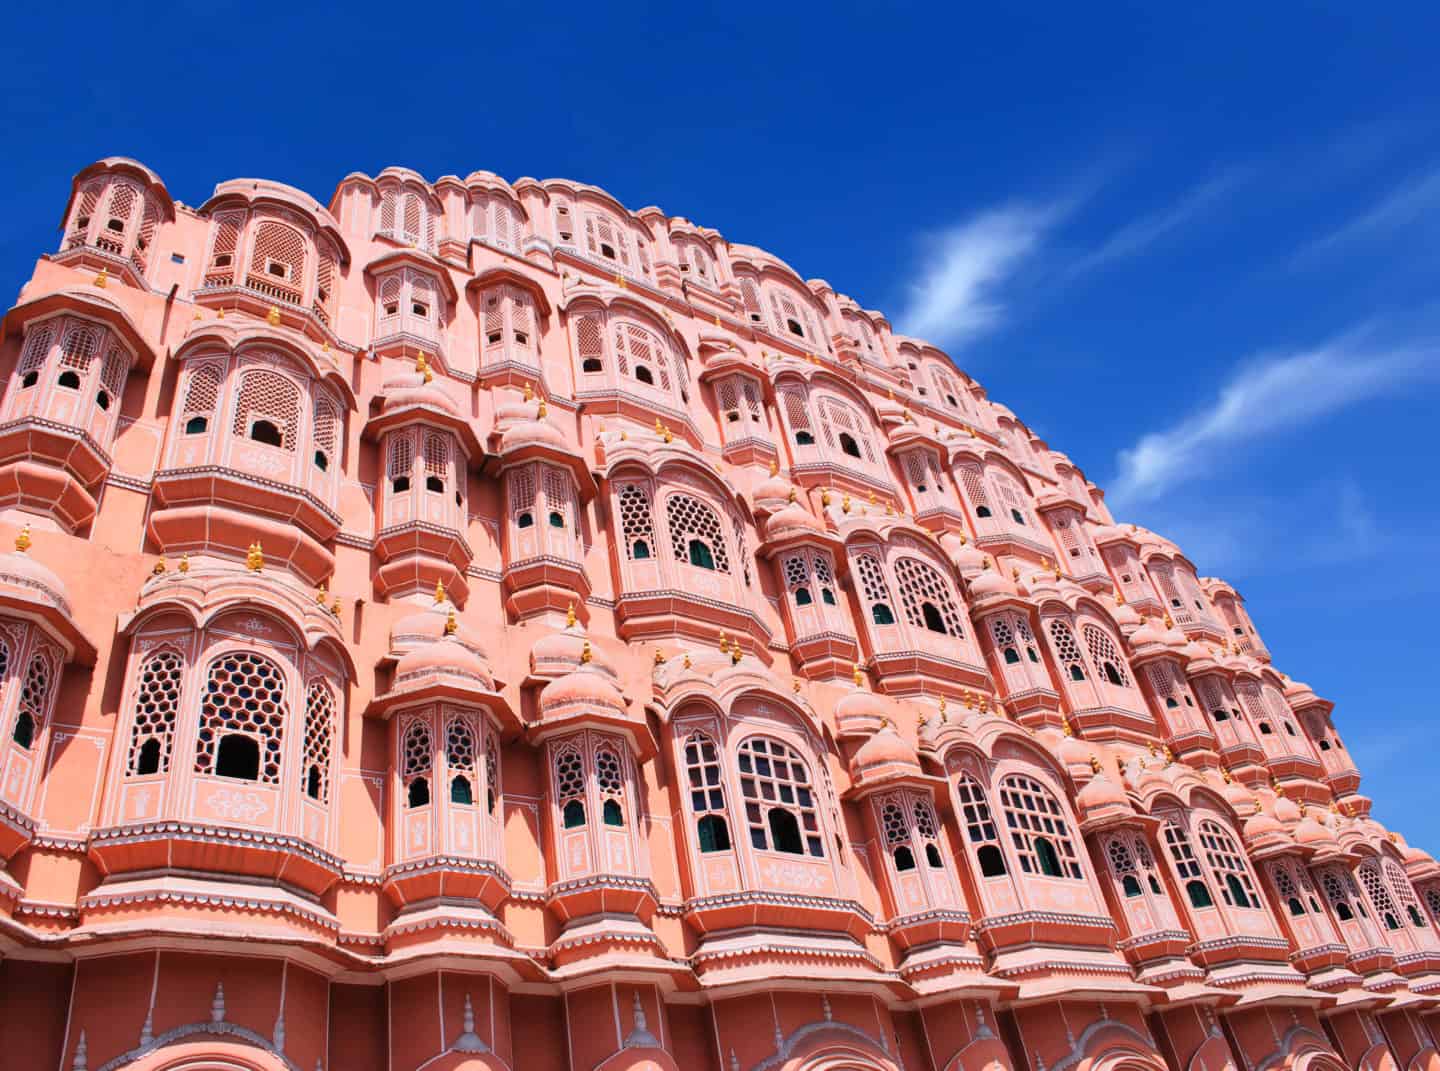 Places to visit in Jaipur | Hawa Mahal, the Palace of Winds, Jaipur, Rajasthan, India.
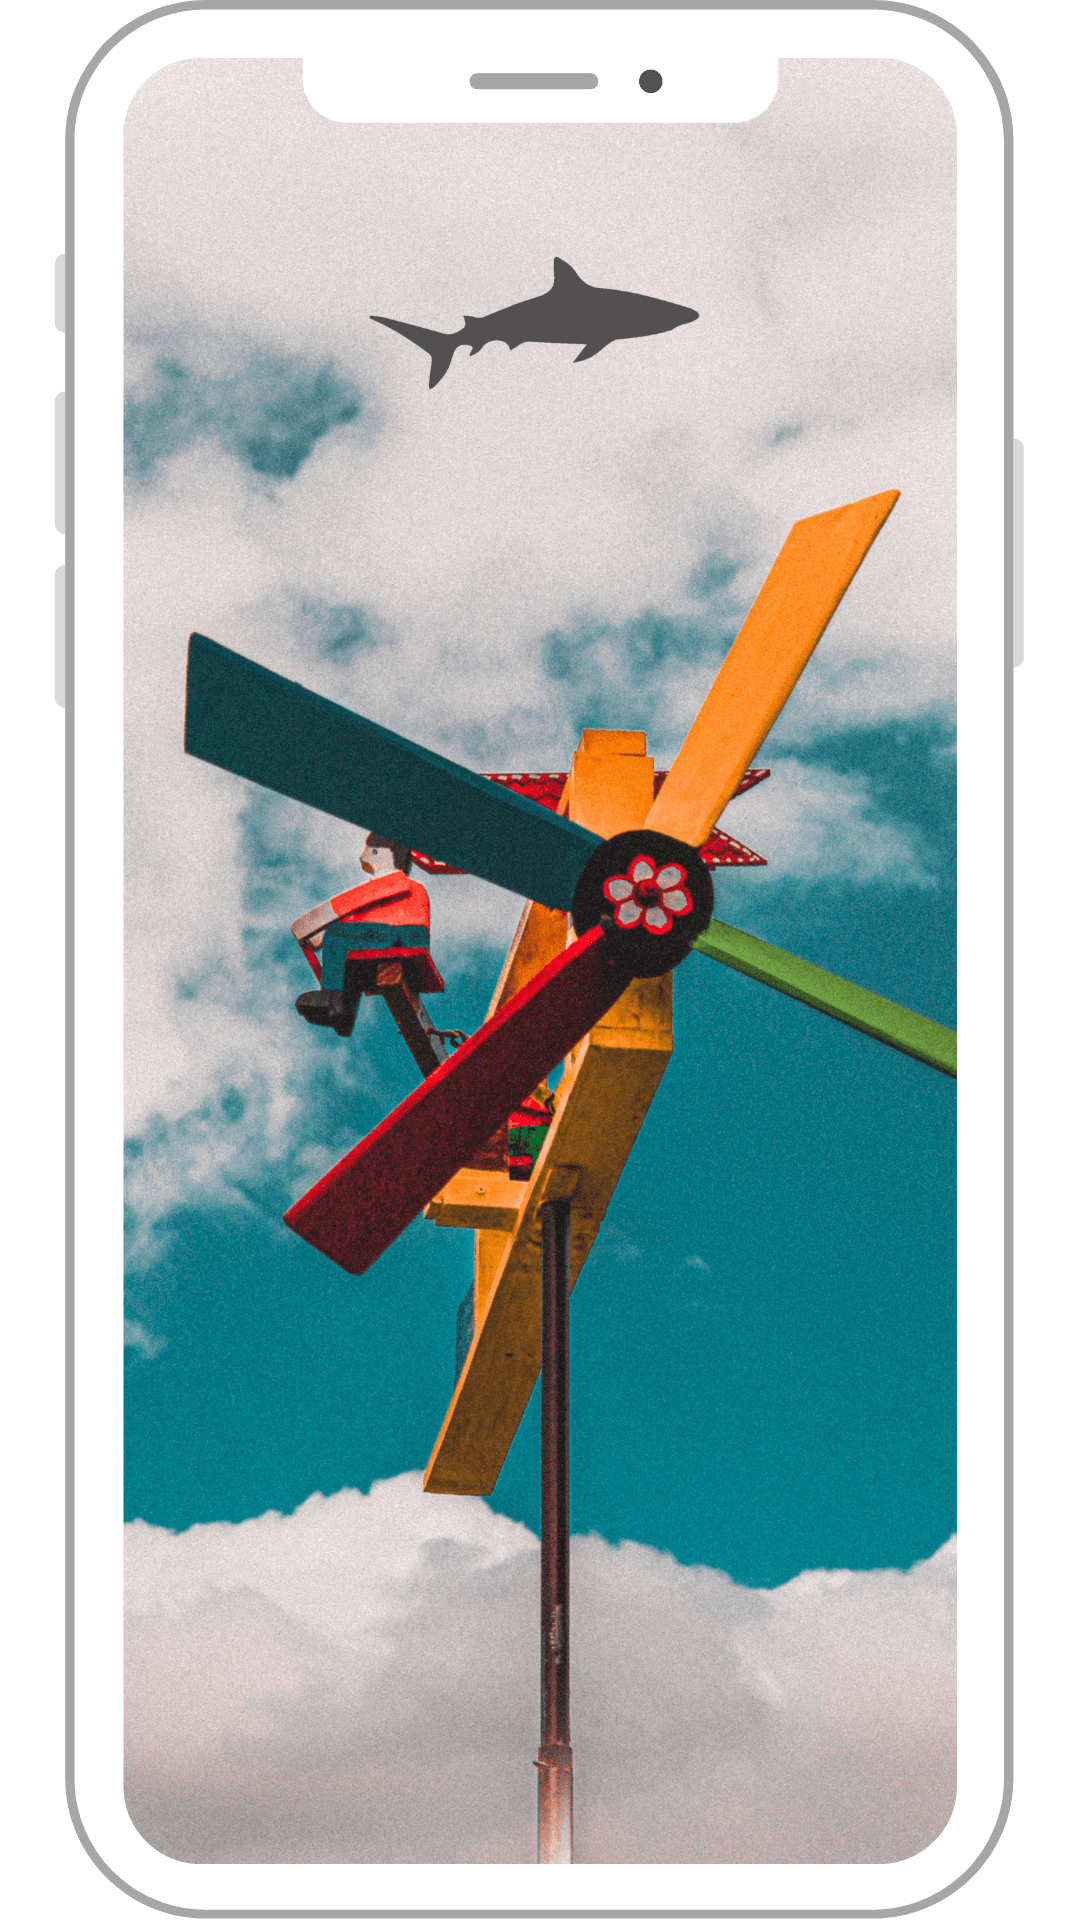 A phone with a picture of a windmill and a shark in the sky
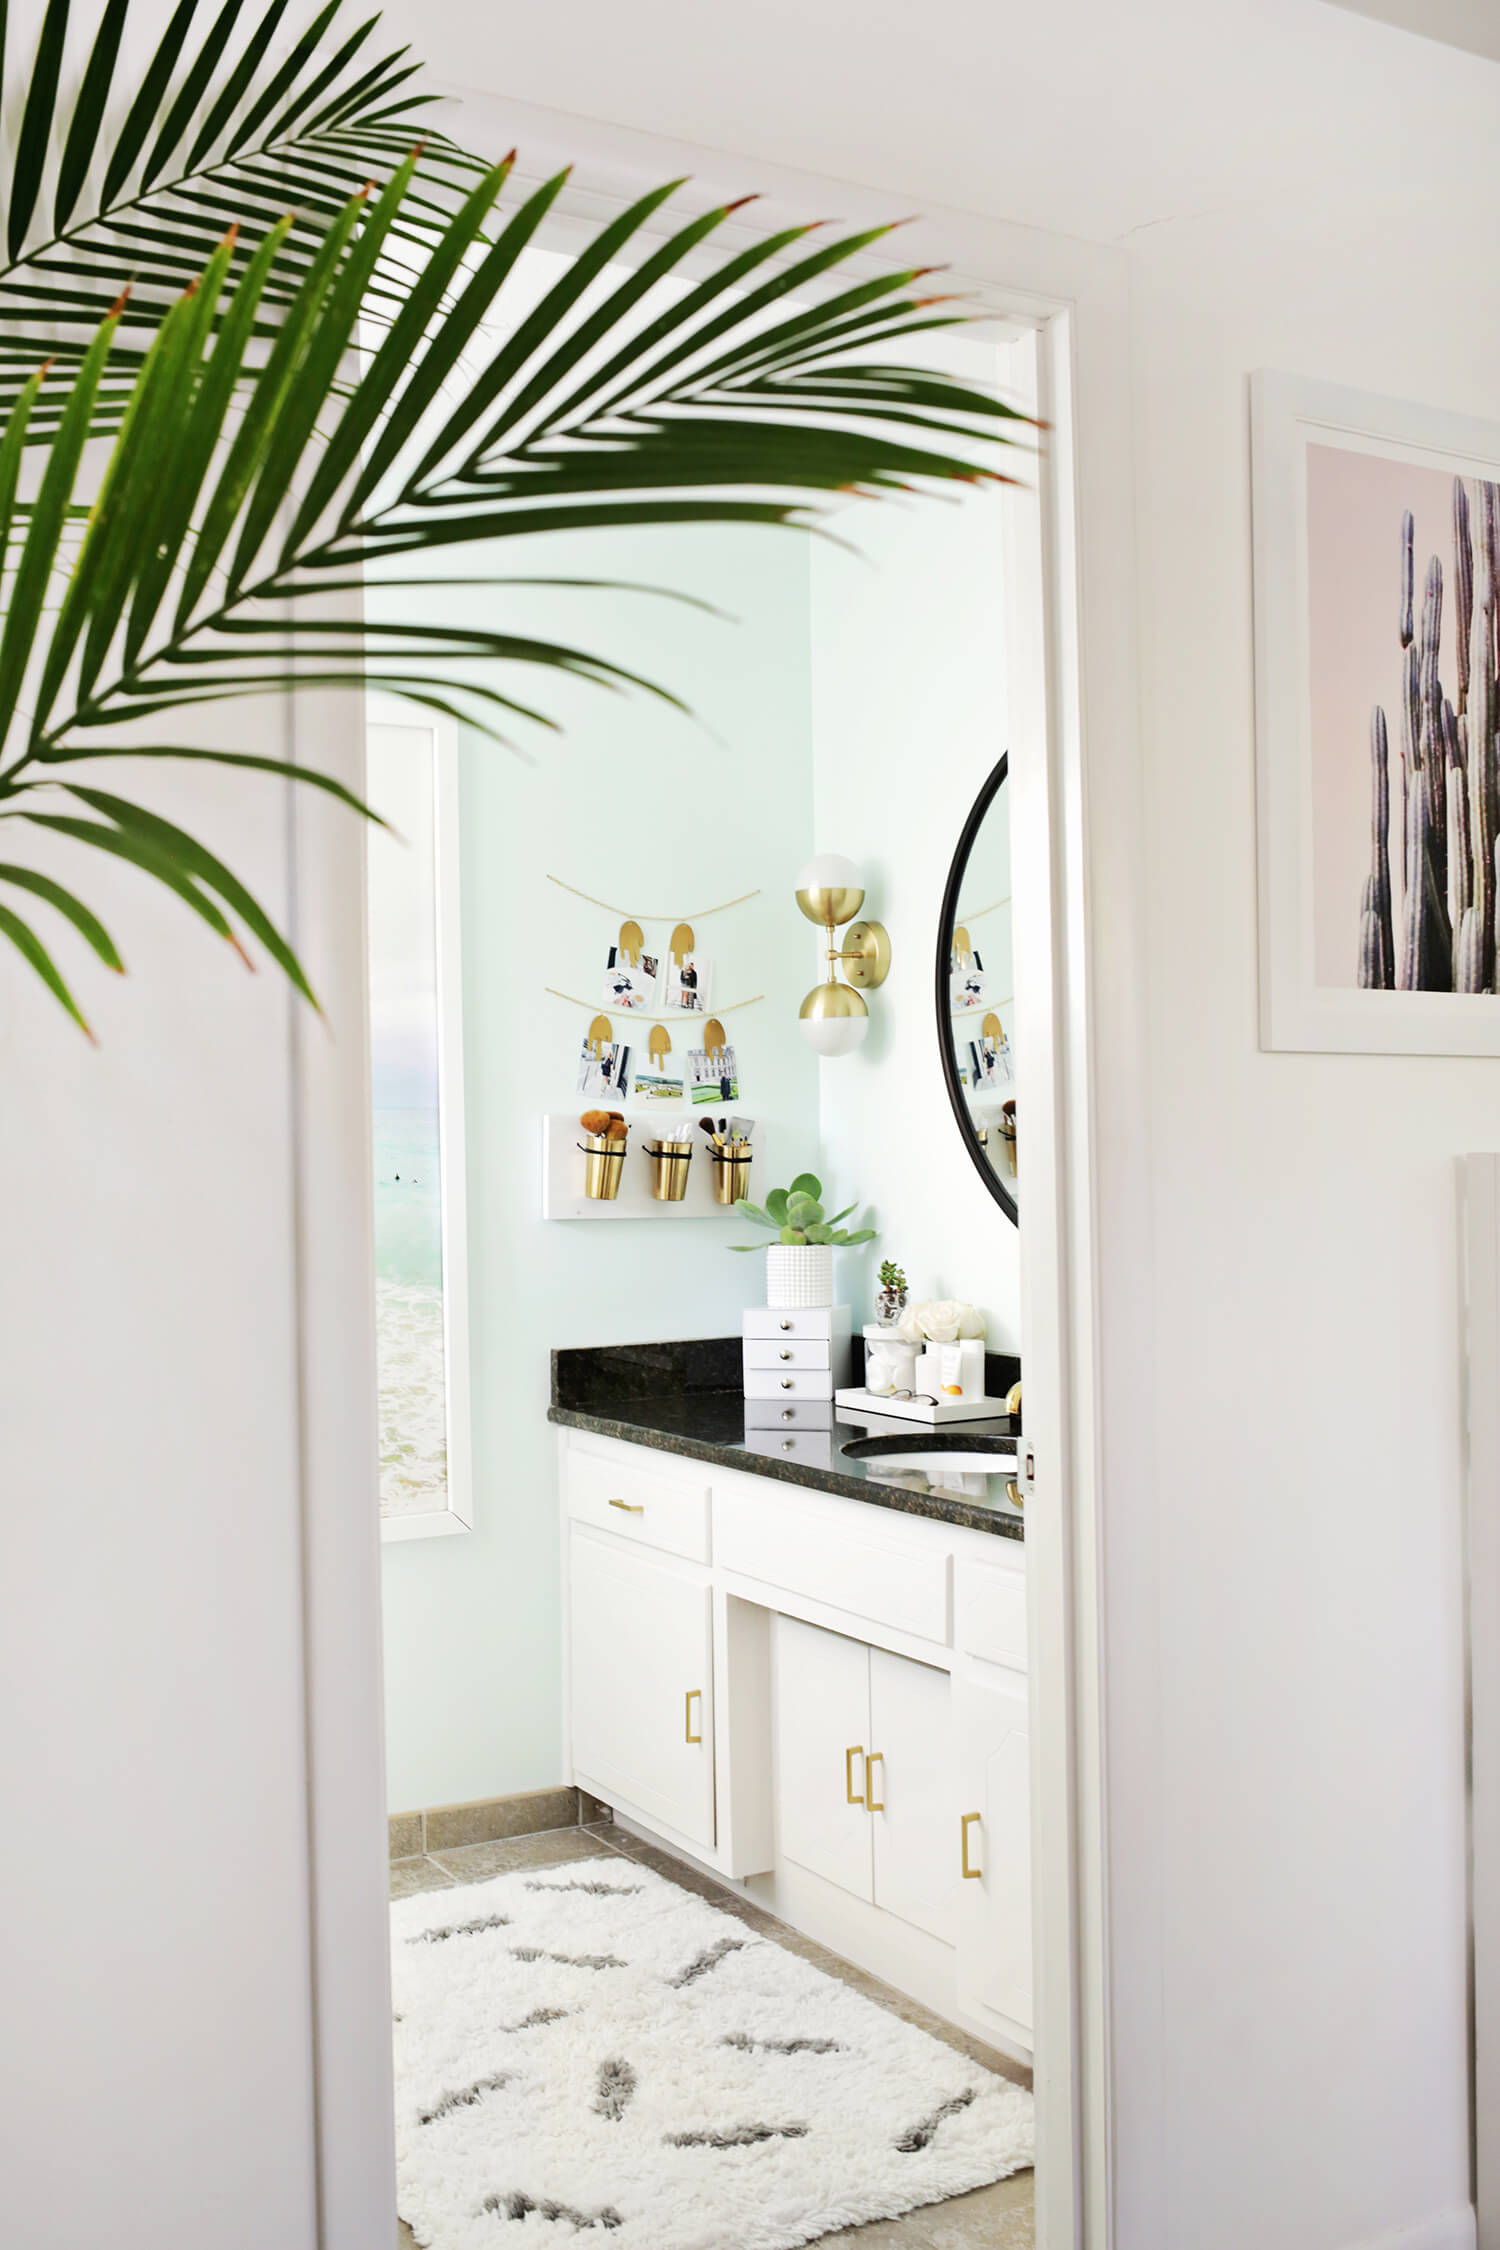 Laura's Master Bathroom Before + After! (click through to see more)

Work item — Write out again, word for word, the lines from the one holding "A phone with" through the final line of the listing, including both ends but no pictures.

Solution below —
 A phone with a picture of a windmill and a shark in the sky
 Laura's Master Bathroom Before + After! (click through to see more)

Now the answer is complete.